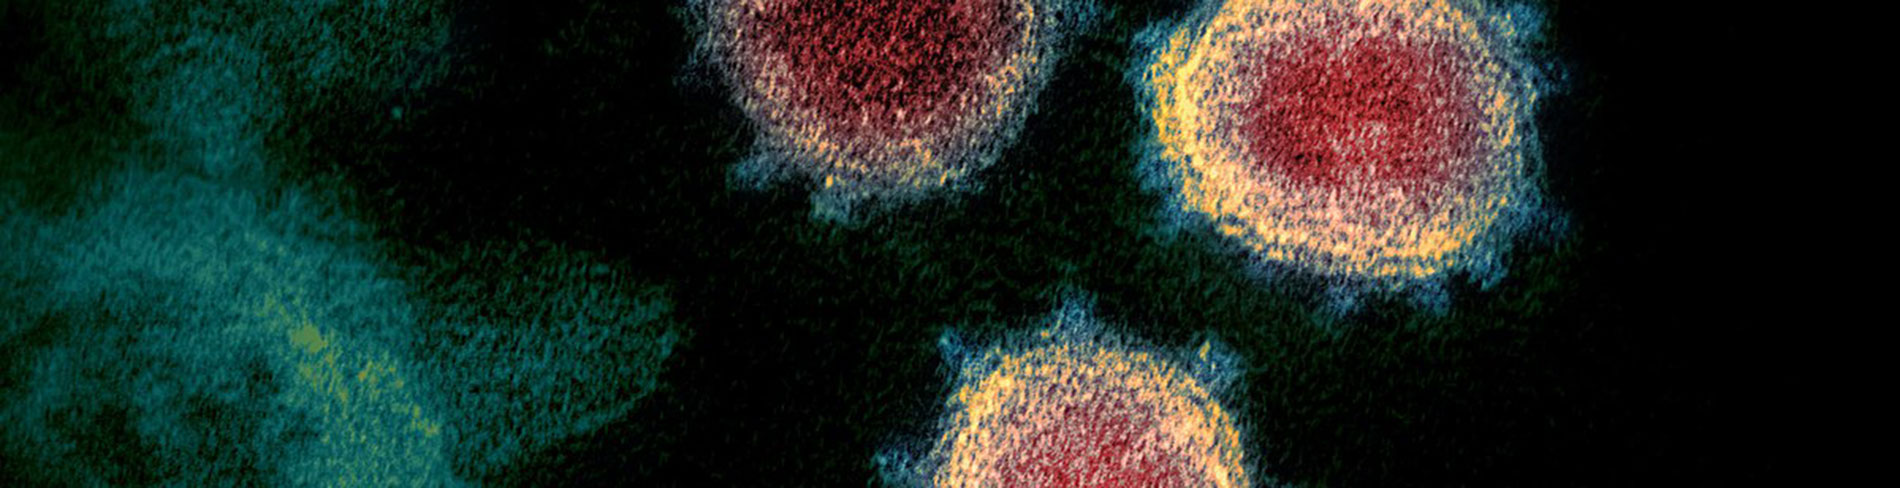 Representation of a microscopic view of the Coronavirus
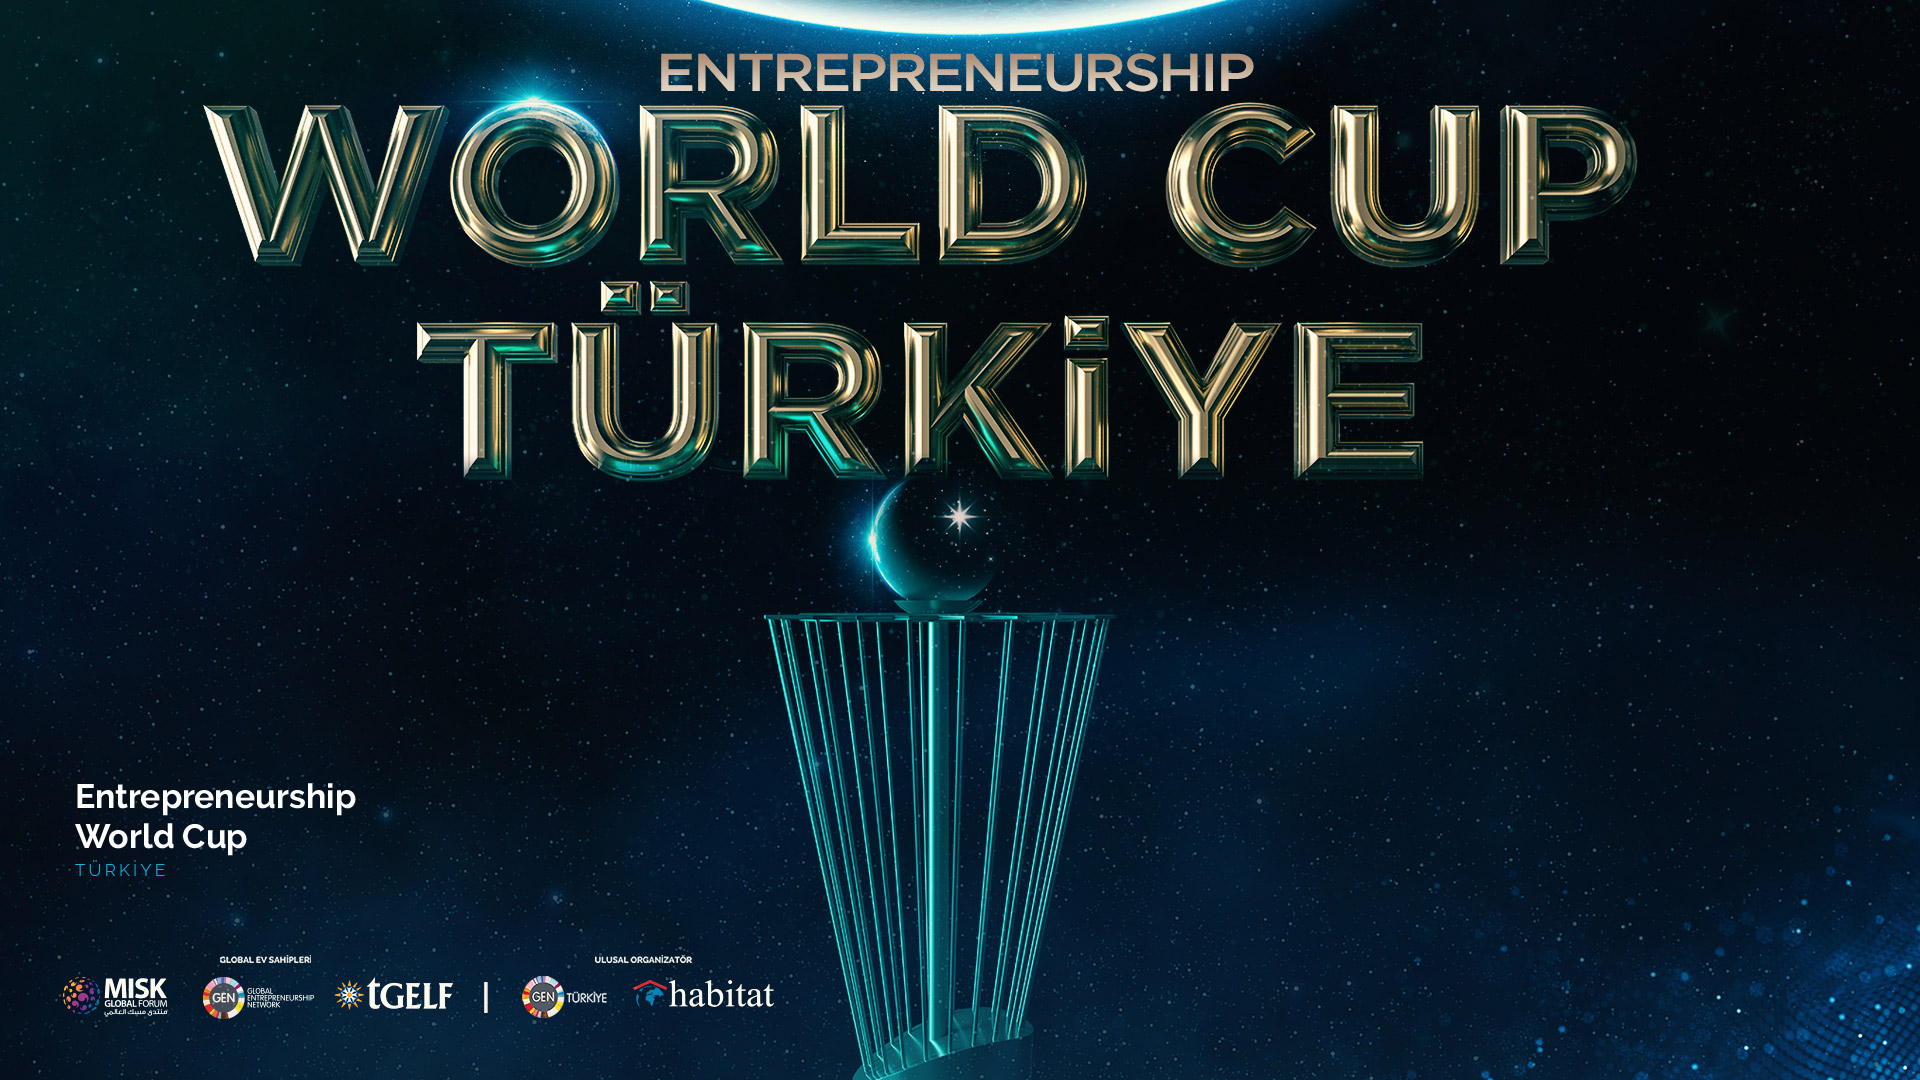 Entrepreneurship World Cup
****************************************
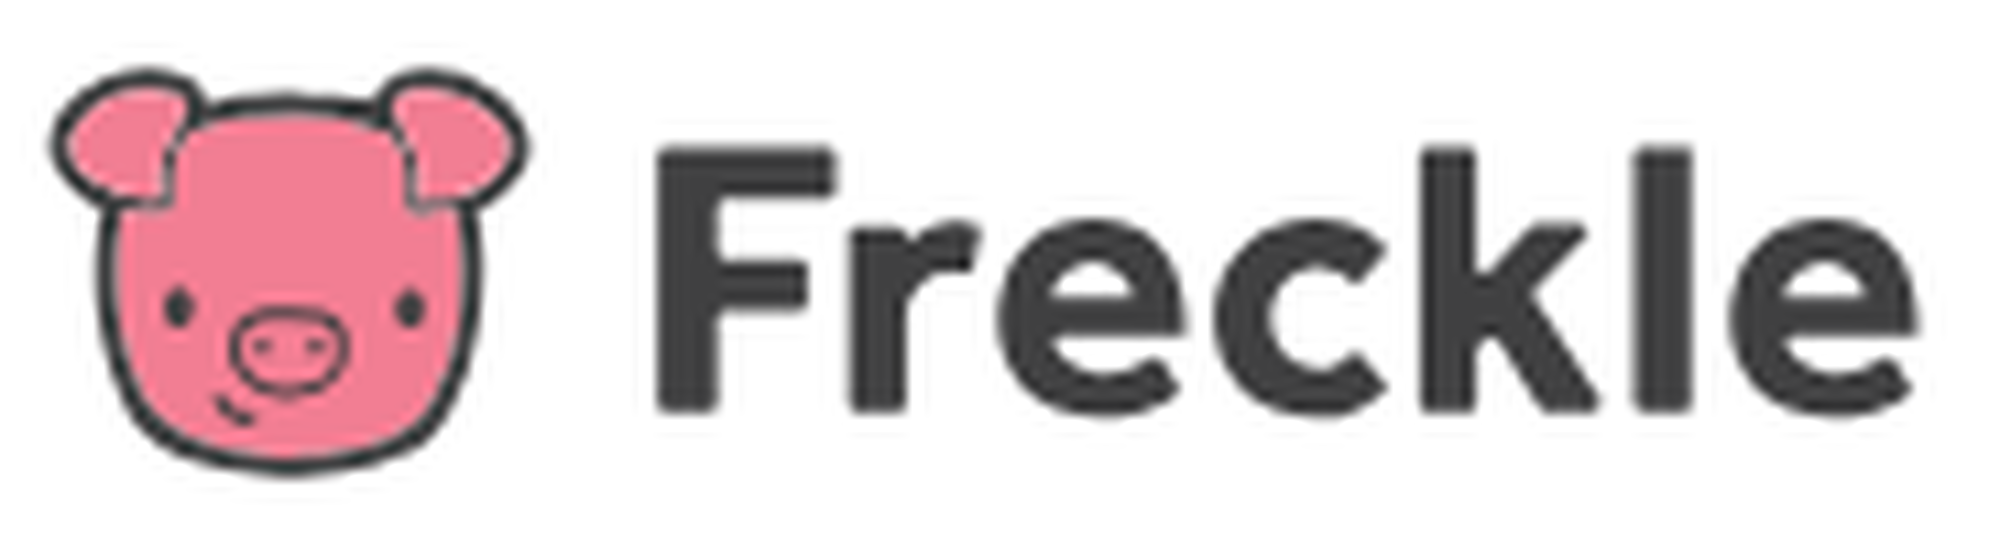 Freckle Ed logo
****************************************
(Task objective): Using the material above, transcribe exactly the lines from the one holding "Representation of a" to the one holding "Entrepreneurship World Cup", both ends kept. Do not carry over any pictures.

(Exercise answer):
 Representation of a microscopic view of the Coronavirus
 Entrepreneurship World Cup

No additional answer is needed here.